Avrupa Birliği Şap Hastalığı ile Mücadele Komisyonu (EuFMD) üyesi Dr. Keith Sumption, “Şap hastalığı, küresel hayvancılık sektöründe milyarlarca dolarlık kayba neden oluyor. Türkiye gibi hayvancılığın yoğun olduğu ülkelerde, yayla bölgelerindeki hayvan hareketliliği sıkı bir şekilde kontrol edilmeli” dedi.

Sumption, hastalığın Türkiye’de tespit edilen SAT-2 serotipi gibi yeni varyantlarının, mevcut aşıların etkinliğini zorlaştırabileceğini ekledi.

ÇİFTÇİLERE ACİL ÇAĞRI: AŞI VE BİYOGÜVENLİK

Uzmanlar, yaylalardaki çiftçilere yönelik bir dizi öneride bulundu. Hayvanların altı ayda bir aşılanması, yeni gelen hayvanların karantinaya alınması ve ahırların düzenli dezenfeksiyonu, hastalığın yayılmasını önlemede kilit rol oynadı. Ayrıca, çiftlik çalışanlarının kıyafet ve ekipmanlarının temizliği, virüsün mekanik yolla taşınmasını engellemek için kritik.

Uzmanlar, “Yaylalarda hayvanlar genellikle toplu halde otlatılıyor. Bu, virüsün bulaşma riskini artırıyor. Çiftçiler, Tarım ve Orman Bakanlığı’nın aşılama programlarına eksiksiz uymalı” dedi.

İNSANA BULAŞ RİSKİ: DÜŞÜK AMA MEVCUT

Şap hastalığı, zoonotik bir hastalık olmasına rağmen insanlara bulaşma oranı oldukça düşük.

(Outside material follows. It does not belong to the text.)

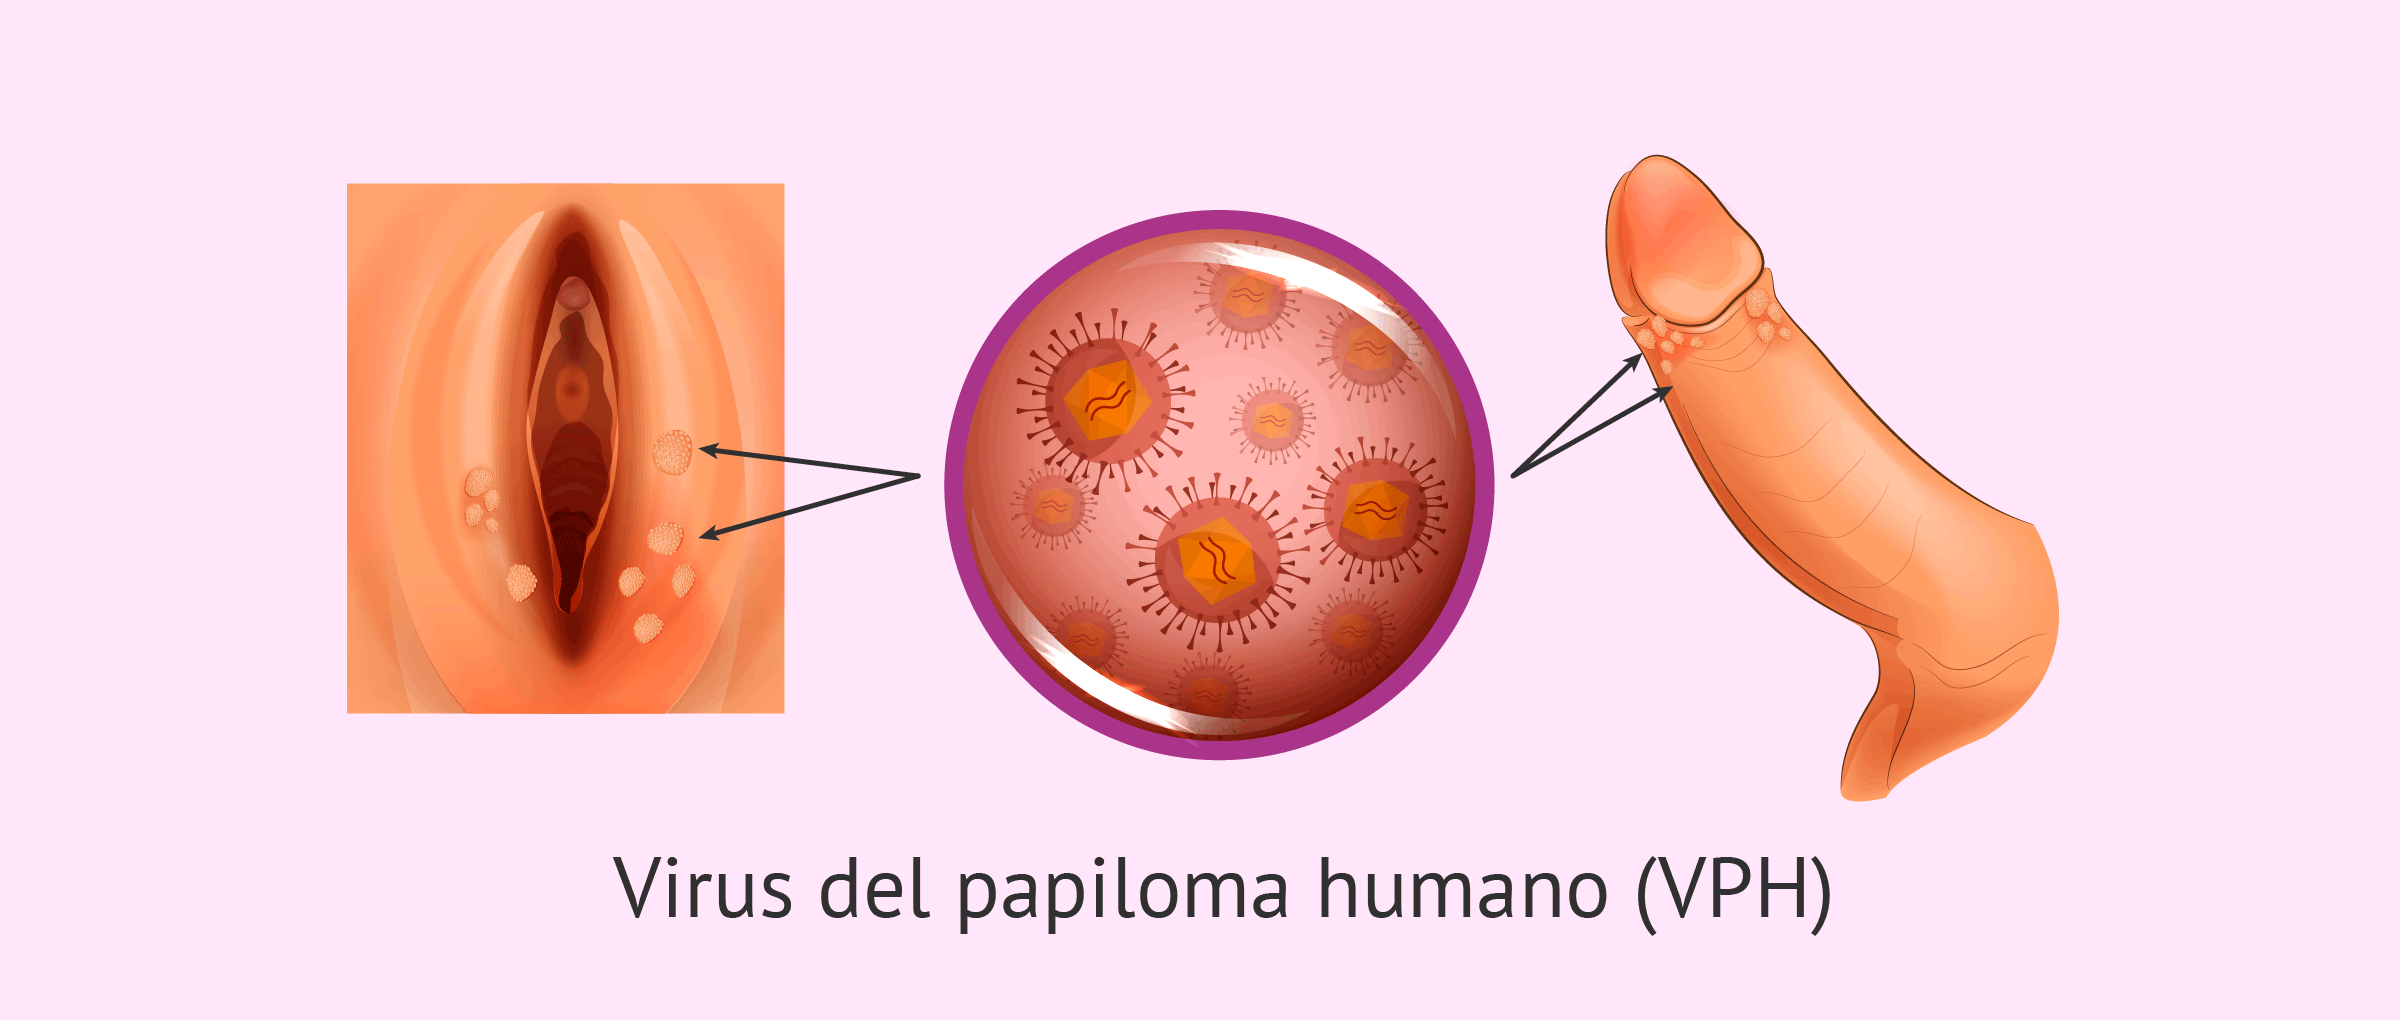 papiloma humano ke es

İnsanlarda genellikle hafif grip benzeri belirtiler veya nadiren ağız ve ellerde kabarcıklarla seyretti.

Enfekte hayvanlarla doğrudan temas eden çiftçiler ve veterinerler risk altında.

İngiltere Ulusal Sağlık Servisi’nden (NHS) Dr. Sarah Jarvis, “İnsanlarda şap hastalığı ciddi bir sağlık sorunu oluşturmaz, ancak yayla bölgelerinde çalışanlar hijyen kurallarına sıkı sıkıya uymalı” uyarısında bulundu.

YAYLALARDA ALARM ZİLLERİ ÇALIYOR

Yayla bölgelerindeki hayvan yetiştiricileri, şap hastalığına karşı acil önlem almazsa, hem hayvan sağlığı hem de ekonomik kayıplar kaçınılmaz olabilir.

Tarım ve Orman Bakanlığı, çiftçilere yönelik bilgilendirme kampanyalarını artırırken, uzmanlar, şap hastalığının yayılmasını önlemek için aşılamanın ve biyogüvenlik önlemlerinin eksiksiz uygulanması gerektiğini vurguladı.